Die bereits in der 8. CoBeLVO wieder aufgenommene Regelung zum Verfahren bei Unterbringung von einreisenden Saisonarbeitern besteht fort (§ 20 Abs. 3 und § 21 ).

Über die bisherigen Regelungen hinaus sind ab dem 16.09.2020 wieder – unter Beachtung von Hygieneauflagen – möglich:

  • Veranstaltungen im Freien mit bis zu 500 Teilnehmern
  • Veranstaltungen in geschlossenen Räumen mit bis zu 250 Teilnehmern
  • Private Veranstaltungen z.B. Hochzeitsveranstaltungen oder Geburtstagsfeiern mit zuvor eindeutig festgelegtem Teilnehmerkreis, mit bis zu 75 Personen auch in angemieteten oder zur Verfügung gestellten Räumlichkeiten oder Flächen.
  • Gottesdienste von Religions- oder Glaubensgemeinschaften insbesondere in Kirchen, Moscheen, Synagogen und sonstigen Gebetsräumen sind– unter Beachtung von Schutzmaßnahmen – zulässig; nach Einnahme des Sitzplatzes besteht keine Maskenpflicht; der Einsatz eines Chores, Blasorchesters bzw. Gemeindegesang soll nach Möglichkeit im Freien erfolgen wobei der notwendige Abstand auf 3 Meter zu erhöhen ist.
  • Die Personenbegrenzung wurde von 10 m² auf 5 m² Verkaufs- oder Besucherfläche pro Person gesenkt.
  • Gemeinsames sportliches Training und der Wettkampf in festen Kleingruppen von bis zu 30 Personen, auch Kontaktsport, sind wieder erlaubt. Im Einzelfall kann diese Anzahl überschritten werden, wenn für die Durchführung eines ordnungsgemäßen und regelkonformen Wettkampfes die Notwendigkeit besteht, dass mehr Sportlerinnen und Sportler teilnehmen müssen.
  • Bei der Nutzung von Schwimm- und Spaßbädern, Badeseen oder ähnlichen Angeboten sowie bei der sportlichen Betätigung in geschlossenen Räumen gilt die  Personenbegrenzung bei mehr als zehn dort anwesenden Personen (jetzt 5 m² pro Person).
  • Für den außerschulischen Musikunterricht (Verein oder Musikschule) sowie den musikalischen Proben- und Auftrittsbetrieb gilt nun das Hygienekonzept für die professionelle Musik, die Amateurmusik und den außerschulischen Musikunterricht in Rheinland-Pfalz.
  • Im Bereich der Hotellerie entfällt die Reservierungs- und Anmeldepflicht.
  • Entgegen dem Verbot von Kirmesveranstaltungen, Volksfesten und ähnlichen Veranstaltungen ist das vereinzelte, über eine größere Fläche mit Abstand verteilte Aufstellen mobiler Einrichtungen im Freien, die Waren feilbieten, die üblicherweise auf Spezialmärkten oder Jahrmärkten insbesondere Weihnachtsmärkten, angeboten werden, oder die unterhaltende Tätigkeiten als Schausteller oder nach Schaustellerart, insbesondere Fahrgeschäfte anbieten, unter Einhaltung der allgemeinen Schutzmaßnahmen zulässig. 

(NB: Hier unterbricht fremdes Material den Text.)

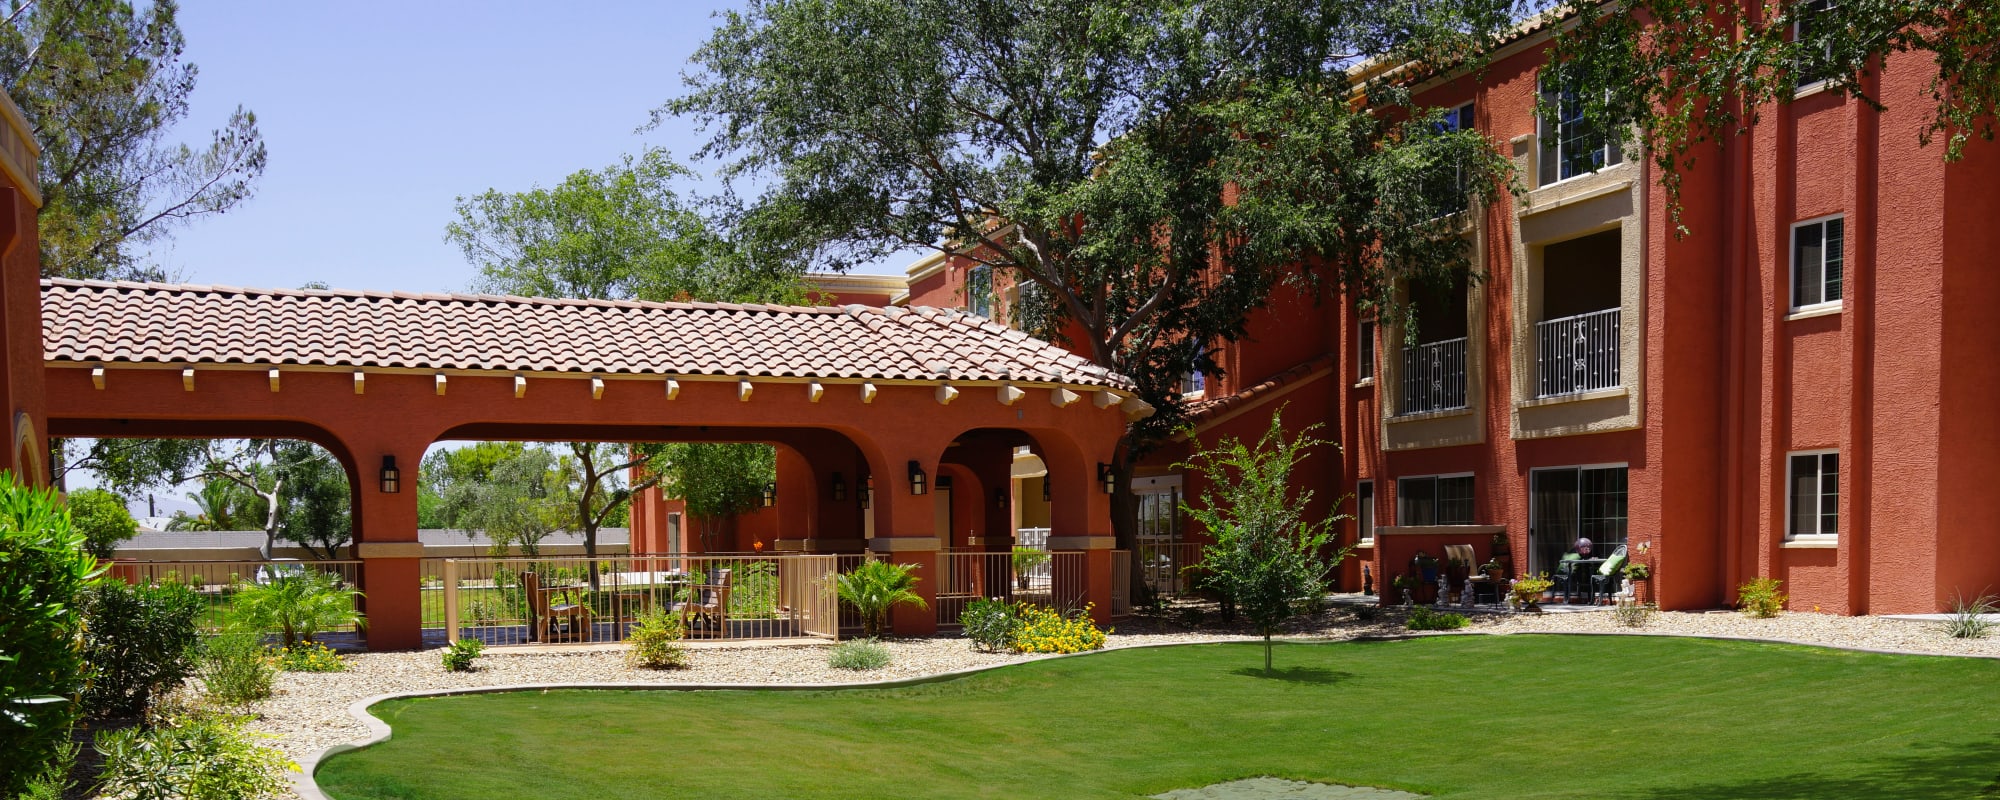 Exterior view of Casa Del Rio Senior Living in Peoria, Arizona

Bis einschließlich 31. Oktober 2020 sind verboten:

  • Die Öffnung von Clubs, Diskotheken  und ähnlichen Einrichtungen
  • Die Durchführung von Kirmesveranstaltungen, Volksfesten und ähnlichen Veranstaltungen
  • Die Öffnung von Prostitutionsstätten, Bordellen und ähnlichen Einrichtungen
  • das Betreten von Krankenhäusern zum Zwecke des Besuchs von Patienten (Ausnahmen nur: z.B. Eltern, die ihr minderjähriges Kind besuchen, oder der Ehegatte/Lebenspartner/Verlobte)

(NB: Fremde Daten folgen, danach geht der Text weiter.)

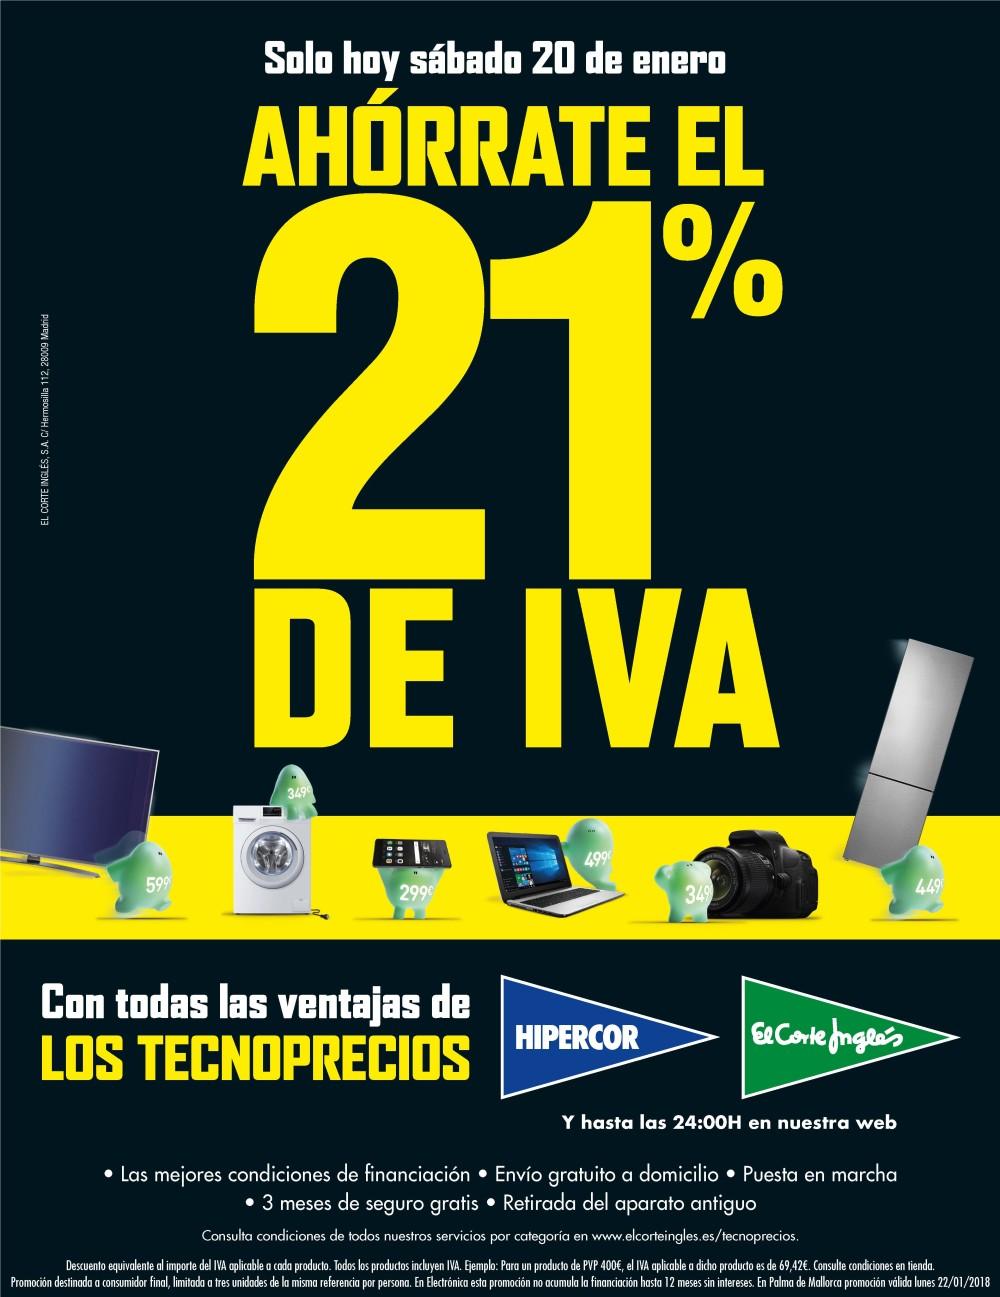 El Corte Hipercor lanzan mañana una campaña de ahorro 21% en electrónica y electrodomésticos Castellon Información

Beschränkt werden bis einschließlich 31. Oktober 2020:

  • Die Teilnahme an Bestattungen (Trauerfeiern) in geschlossenen Räumen.

Derzeit können an einer Bestattung teilnehmen:

  • die Ehegattin oder der Ehegatte, die Lebenspartnerin oder der Lebenspartner, die Verlobte oder der Verlobte der Verstorbenen oder des Verstorbenen,
  • Personen, die mit der Verstorbenen oder dem Verstorbenen im ersten oder zweiten Grad verwandt sind sowie deren Ehegattinnen oder Ehegatten oder Lebenspartnerin oder Lebenspartner, und
  • Personen eines weiteren Hausstands.

Über den o.g. Personenkreis hinaus dürfen auch weitere Personen teilnehmen, wenn sichergestellt ist, dass die Personenbegrenzung eingehalten wird (Abhängigkeit Besucher/qm Raumfläche).

  • Die Teilnahme an standesamtlichen Trauungen
    An einer Trauung können neben den Eheschließenden, der Standesbeamtin oder dem Standesbeamten, weitere für die Eheschließung notwendige Personen (z.B. Dolmetscher) und zwei Trauzeuginnen oder Trauzeugen auch teilnehmen:
  • Personen, die mit einem der Eheschließenden im ersten oder zweiten Grad verwandt sind sowie deren Ehegattinnen oder Ehegatten oder Lebenspartnerinnen oder Lebenspartner, und
  • Personen eines weiteren Hausstands.

Über den o.g. Personenkreis hinaus dürfen auch weitere Personen teilnehmen, wenn sichergestellt ist, dass die Personenbegrenzung eingehalten wird (Abhängigkeit Besucher/qm Raumfläche).
In der Verbandsgemeinde Wachenheim a.d.W. können unter Berücksichtigung der vorgenannten Regeln max. 26 Personen an einer Trauung teilnehmen (inkl. der Eheschließenden und der Standesbeamtin bzw. dem Standesbeamten).

  • der Zugang zum Rathaus, zur Touristinfo und zu den Stadtwerken. Diese Einrichtungen sind per Telefon oder Mail erreichbar. Eine persönliche Vorsprache ist nach vorheriger Terminabsprache möglich. Beim Betreten sind die Hände zu desinfizieren und eine Mund-Nasen-Bedeckung zu tragen. 

Schul- und Kitabetrieb

Schulen

Der Schulbetrieb findet gemäß den Vorgaben des für die Angelegenheiten des Schul- und Unterrichtswesens zuständigen Ministeriums im Einvernehmen mit dem für die gesundheitlichen Angelegenheiten zuständigen Ministerium statt. Der „Hygieneplan-Corona für die Schulen in Rheinland-Pfalz“ ist hierbei anzuwenden. Sofern der reguläre Unterricht aufgrund der vorgenannten Vorgaben nicht in vollem Umfang als Präsenzunterricht erfolgt, erfüllen die Schulen ihren Bildungs- und Erziehungsauftrag durch ein pädagogisches Angebot, das auch in häuslicher Arbeit wahrgenommen werden kann.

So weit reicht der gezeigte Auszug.